Issue 24, 2018
From the journal:

Soft Matter

Laning, thinning and thickening of sheared colloids in a two-dimensional Taylor–Couette geometry

Antonio Ortiz-Ambriz,a   Sascha Gerloff,b   Sabine H. L. Klapp,b   Jordi Ortínac  and  Pietro Tierno ORCID logo *acd  

* Corresponding authors

a Departament de Física de la Matèria Condensada, Universitat de Barcelona, Barcelona, Spain
E-mail: ptierno@ub.edu

b Institut für Theoretische Physik, Technische Universität Berlin, Berlin, Germany

c Universitat de Barcelona Institute of Complex Systems (UBICS), Universitat de Barcelona, Barcelona, Spain

d Institut de Nanociència i Nanotecnologia, Universitat de Barcelona, Barcelona, Spain

Abstract

We investigate the dynamics and rheological properties of a circular colloidal cluster that is continuously sheared by magnetic and optical torques in a two-dimensional (2D) Taylor–Couette geometry. By varying the two driving fields, we obtain the system flow diagram and report the velocity profiles along the colloidal structure.
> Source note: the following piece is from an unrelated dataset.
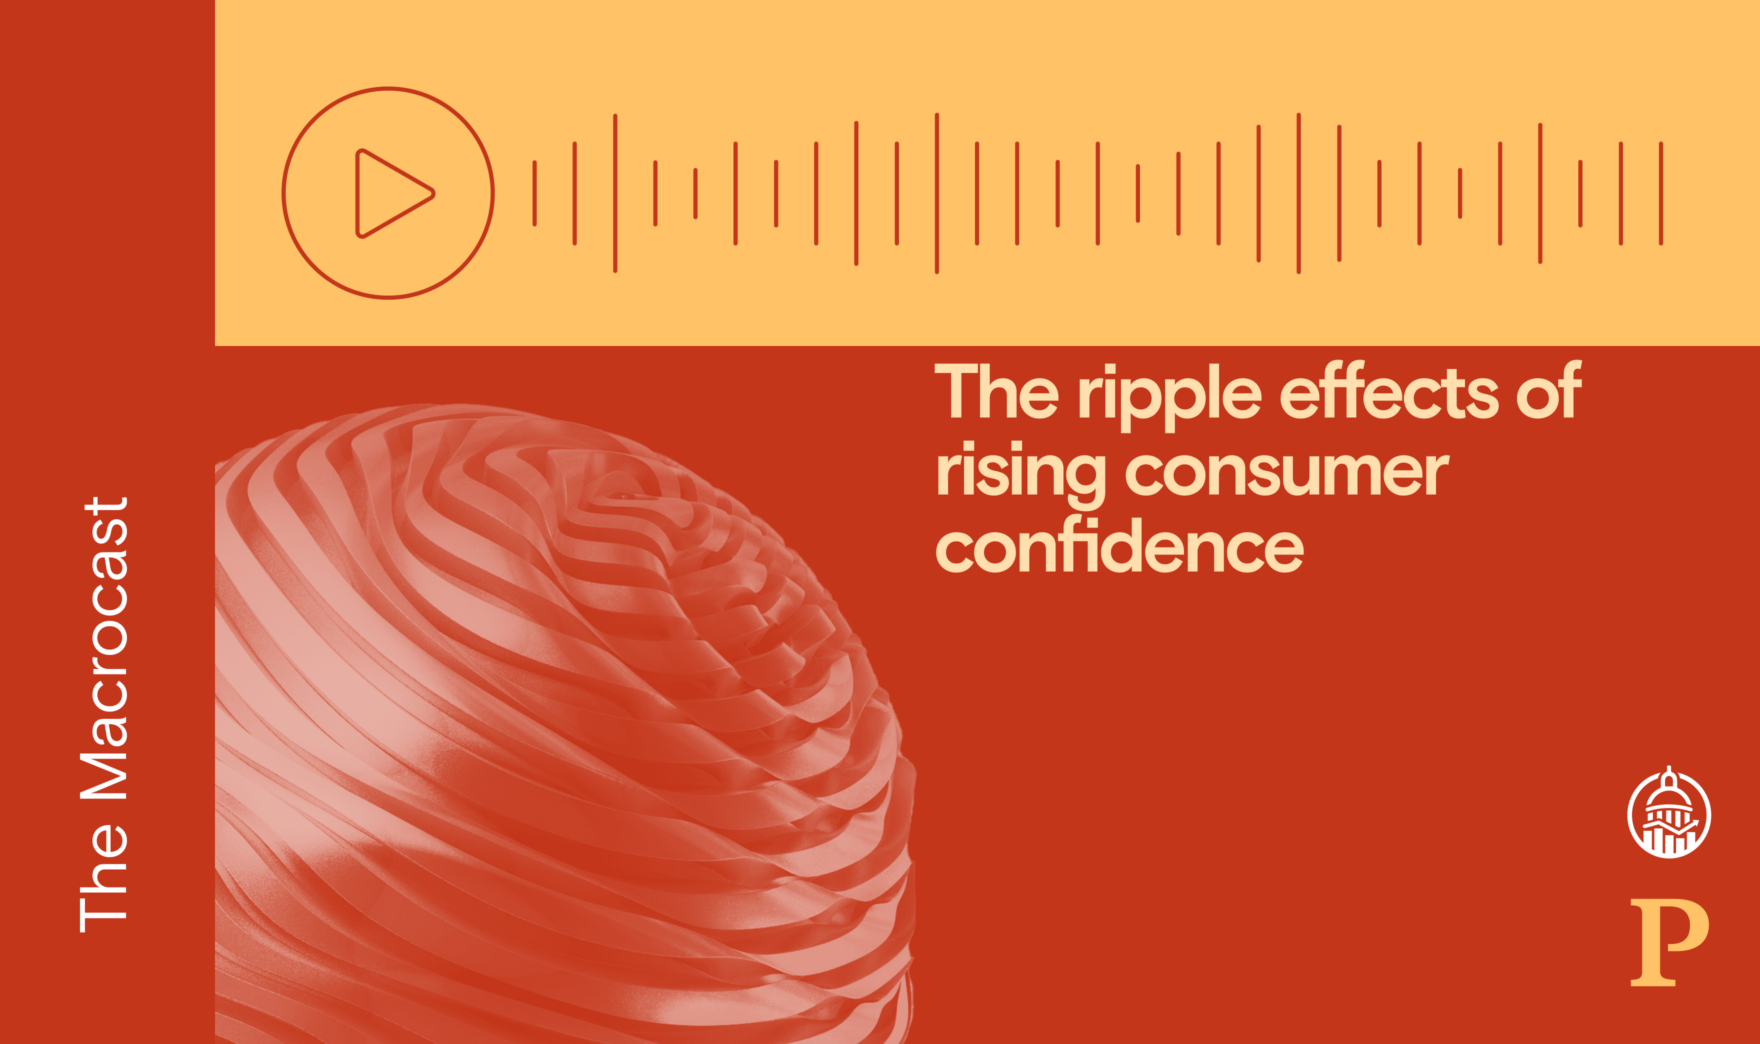 Macrocast: The ripple effects of rising consumer confidence

We then use the inner magnetic trimer as a microrheometer, and observe continuous thinning of all particle layers followed by thickening of the third one above a threshold field. Experimental data are supported by Brownian dynamics simulations. Our approach gives a unique microscopic view on how the structure of strongly confined colloidal matter weakens or strengthens upon shear, envisioning the engineering of rheological devices at the microscales.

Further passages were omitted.